Quando e onde ocorreu o fato começou a ser mostrado no congresso internacional de oncologia, em data recente, em um polo de referência global. O evento reuniu médicos, pesquisadores e representantes da indústria para discutir avanços no tratamento do câncer de pâncreas.

Por que importa a descoberta será avaliada com cautela pela comunidade científica. Os resultados indicam que a droga bloqueia a proteína K-RAS, presente na maioria dos tumores pancreáticos, reduzindo a proliferação celular.

Resultados e implicações iniciais

A sobrevida média dos pacientes tratados com Daraxonrasib quase dobrou, de cerca de 7 para 13 meses, segundo os pesquisadores. Ainda não há evidência de cura, mas o avanço é considerado significativo para a doença.

Segurança e próximos passos

Os pesquisadores destacam que, apesar de também atingir células saudáveis, os efeitos adversos foram administráveis. Aproximadamente 1% dos participantes interrompeu o tratamento por reações colaterais.

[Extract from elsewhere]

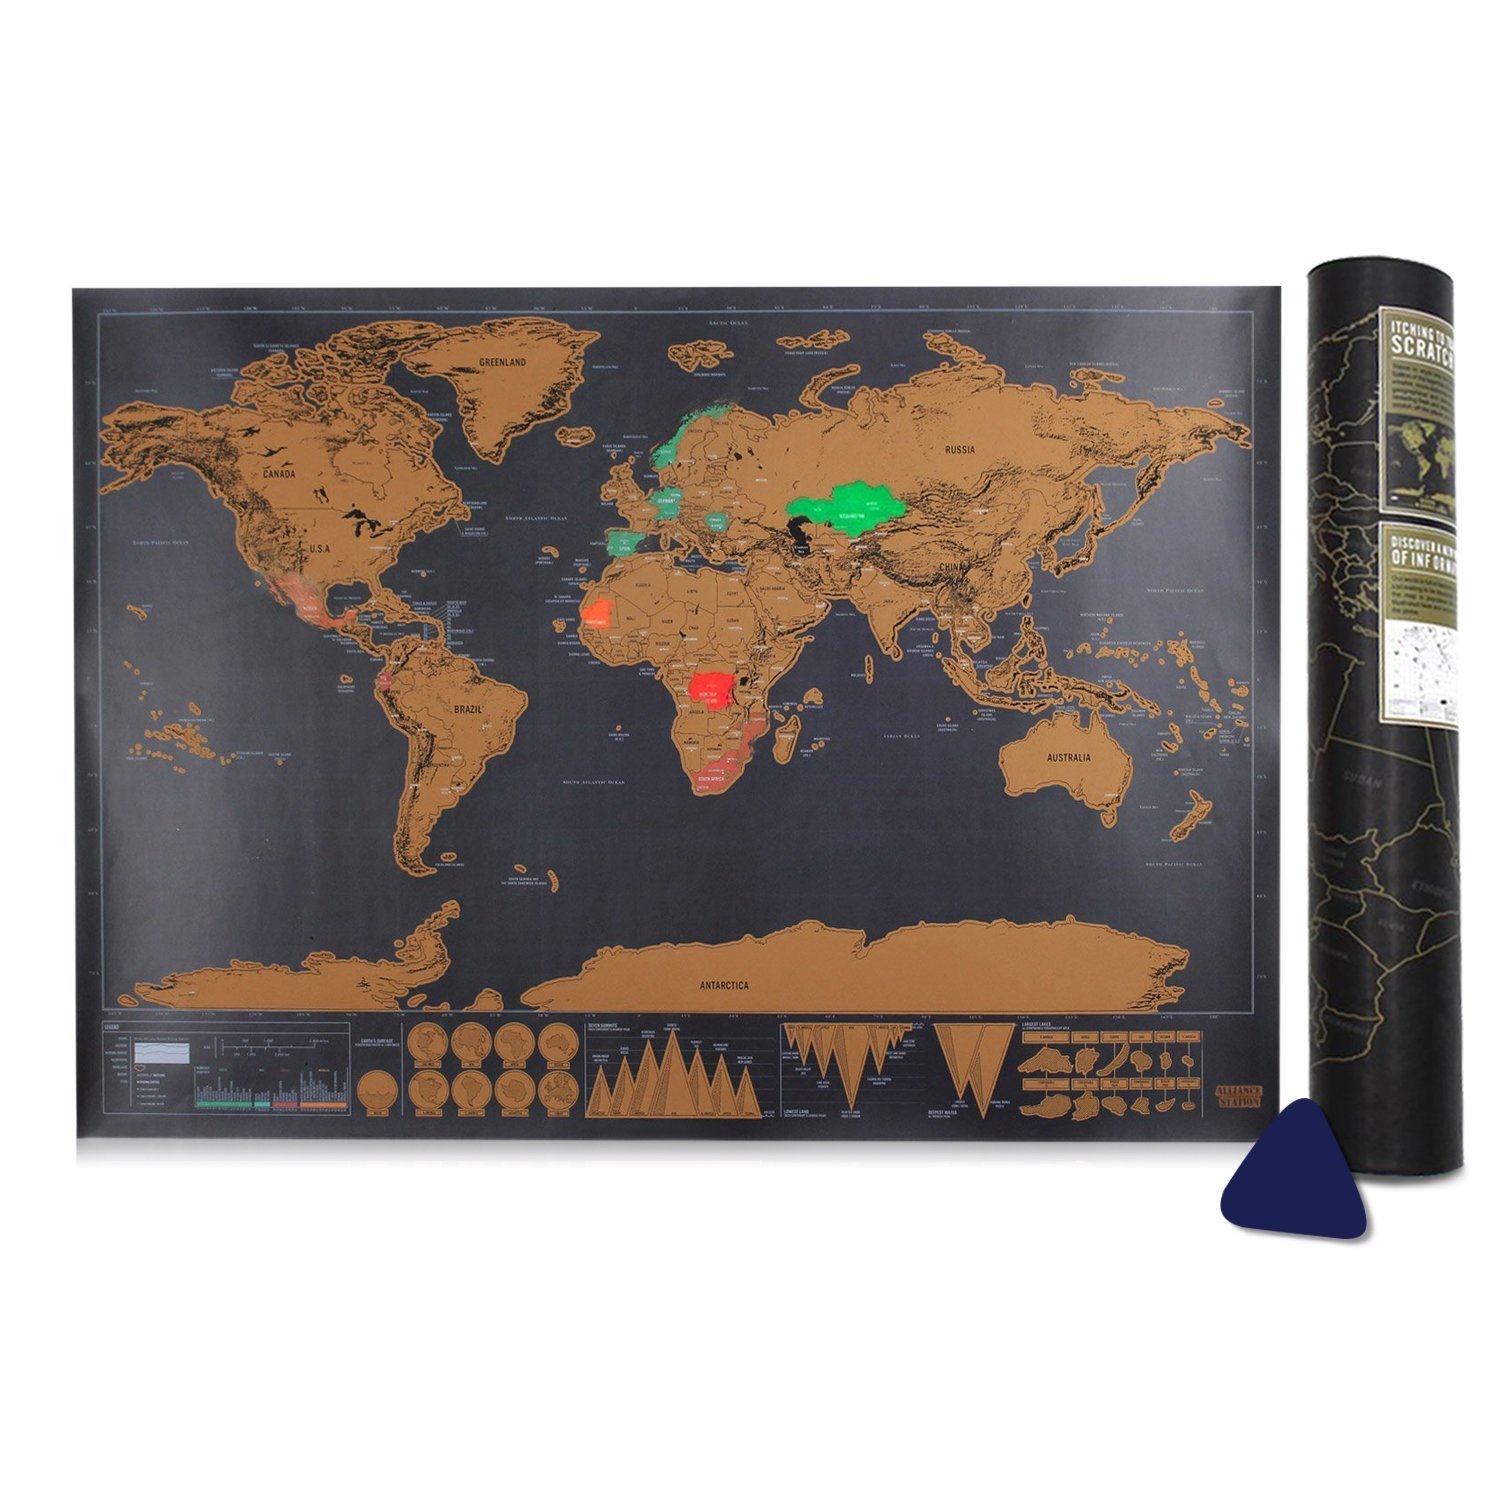 Discovery Map Carta para Rascar Regalo para Viajeros Mapamundi Rasca Plata Mapa Mundi Rascar Detallado Mapa del Mundo para Raspar Grande 88 x 62 cm Scratch off World Travel Map Poster 
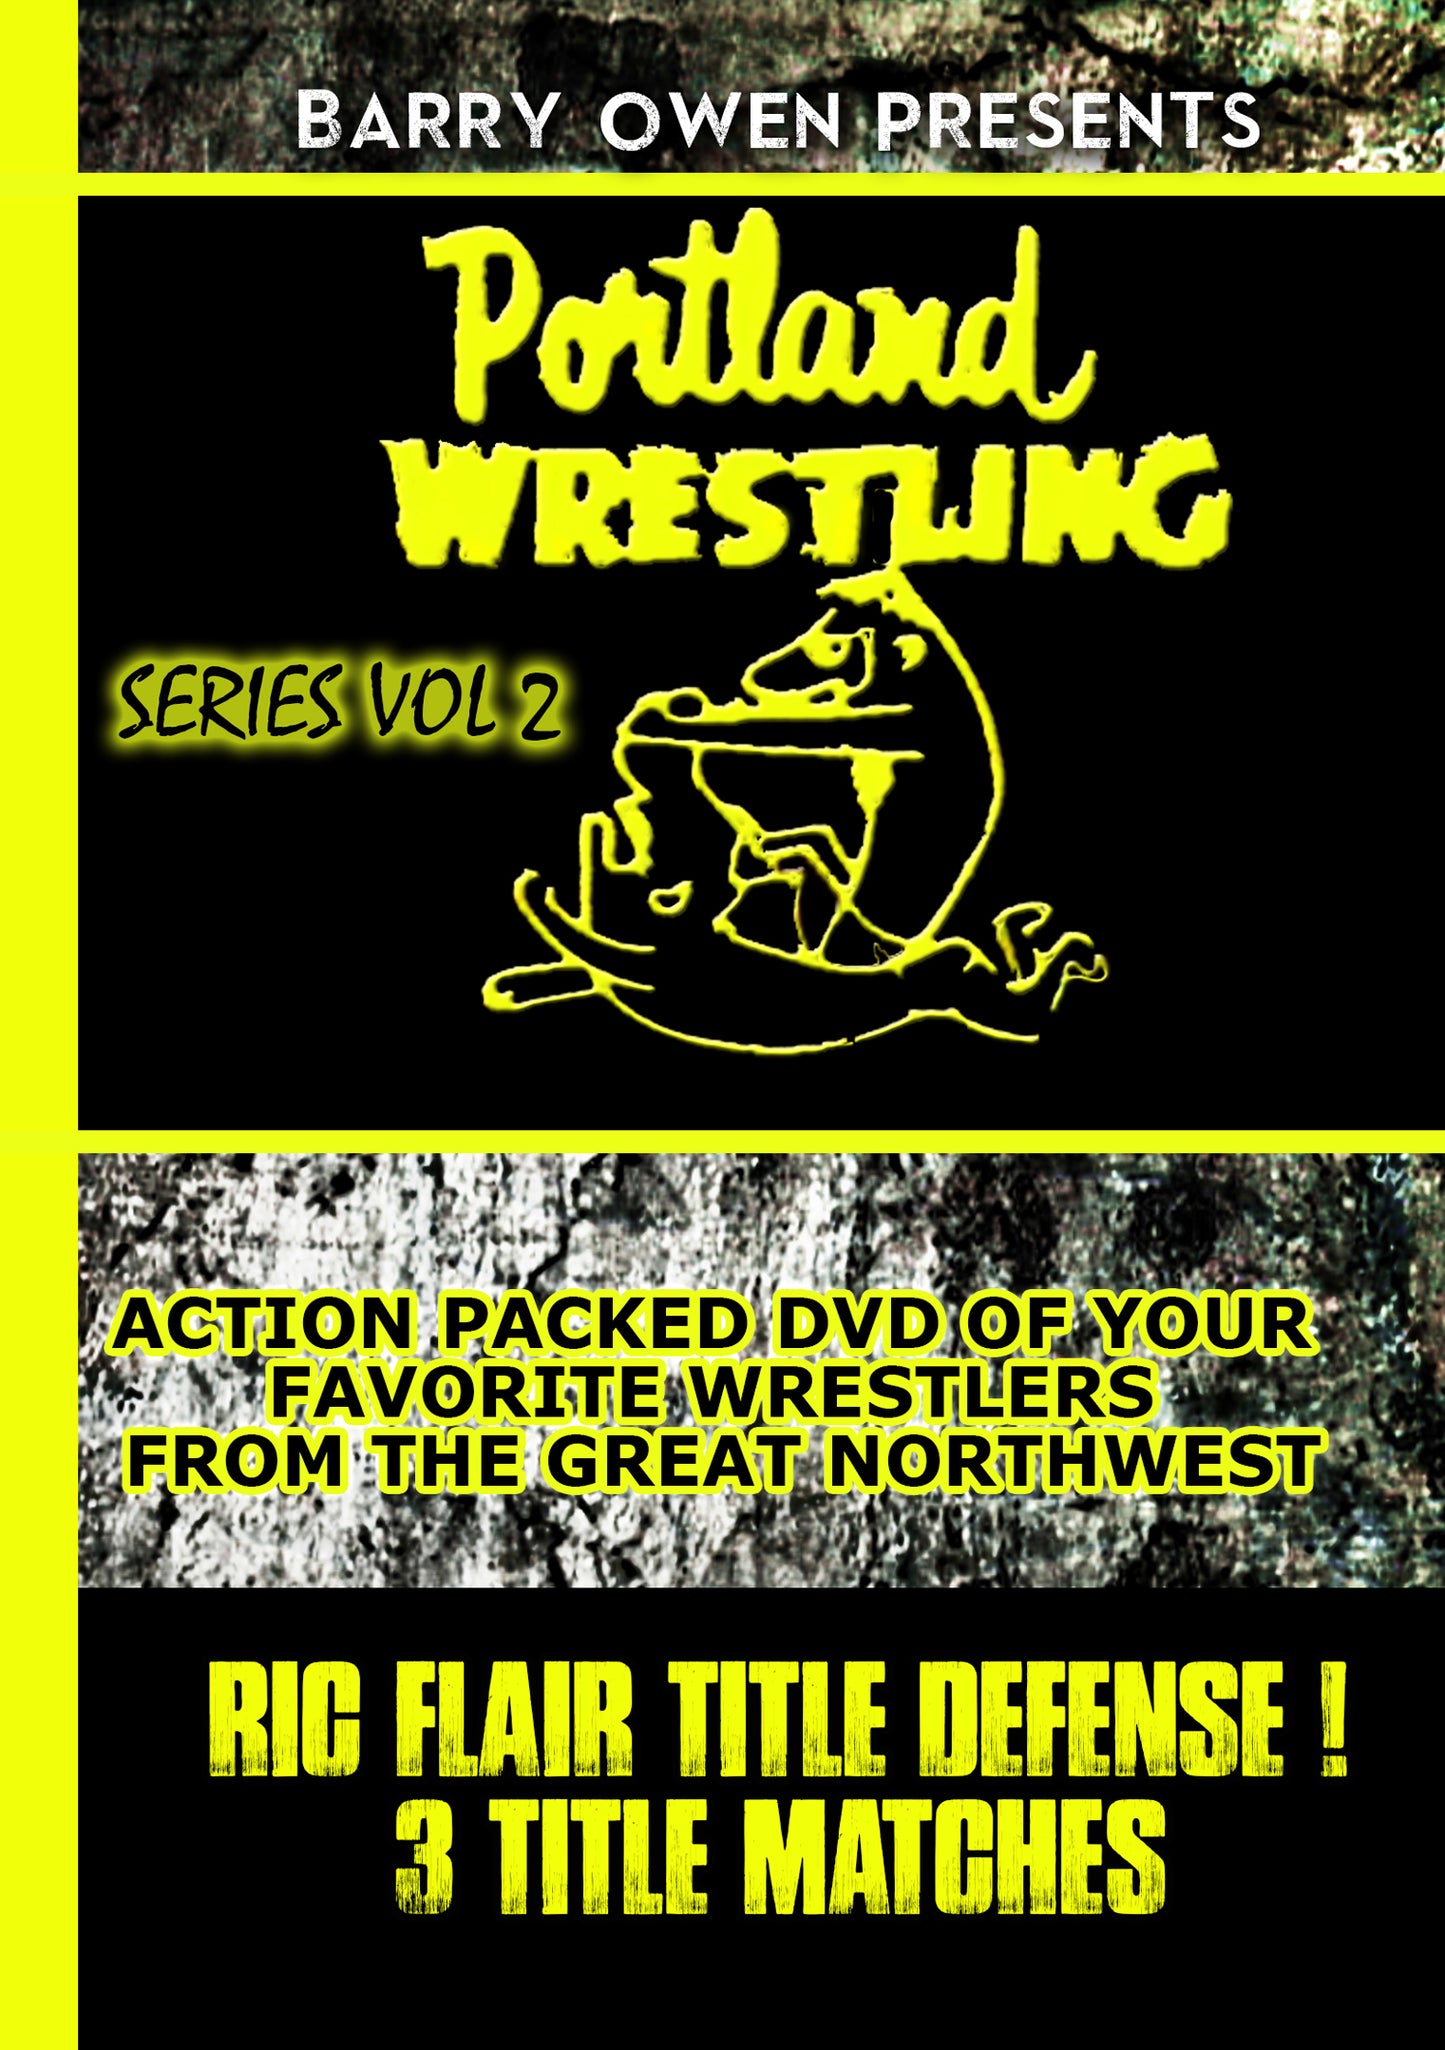 Barry Owen Presents: Best of Portland Wrestling - Vol. 2 cover art

Regulação e caminhos futuros

Nos Estados Unidos, a droga já recebeu autorização para uso em situações sem alternativas terapêuticas. No Brasil, a Anvisa autorizou na prática a realização de estudos clínicos e a avaliação regulatória segue em curso.

A pesquisa também aponta potencial de aplicação de Daraxonrasib em outros tumores associados à proteína K-RAS. Cientistas ressaltam a importância de ensaios adicionais para confirmar resultados e ampliar o uso potencial.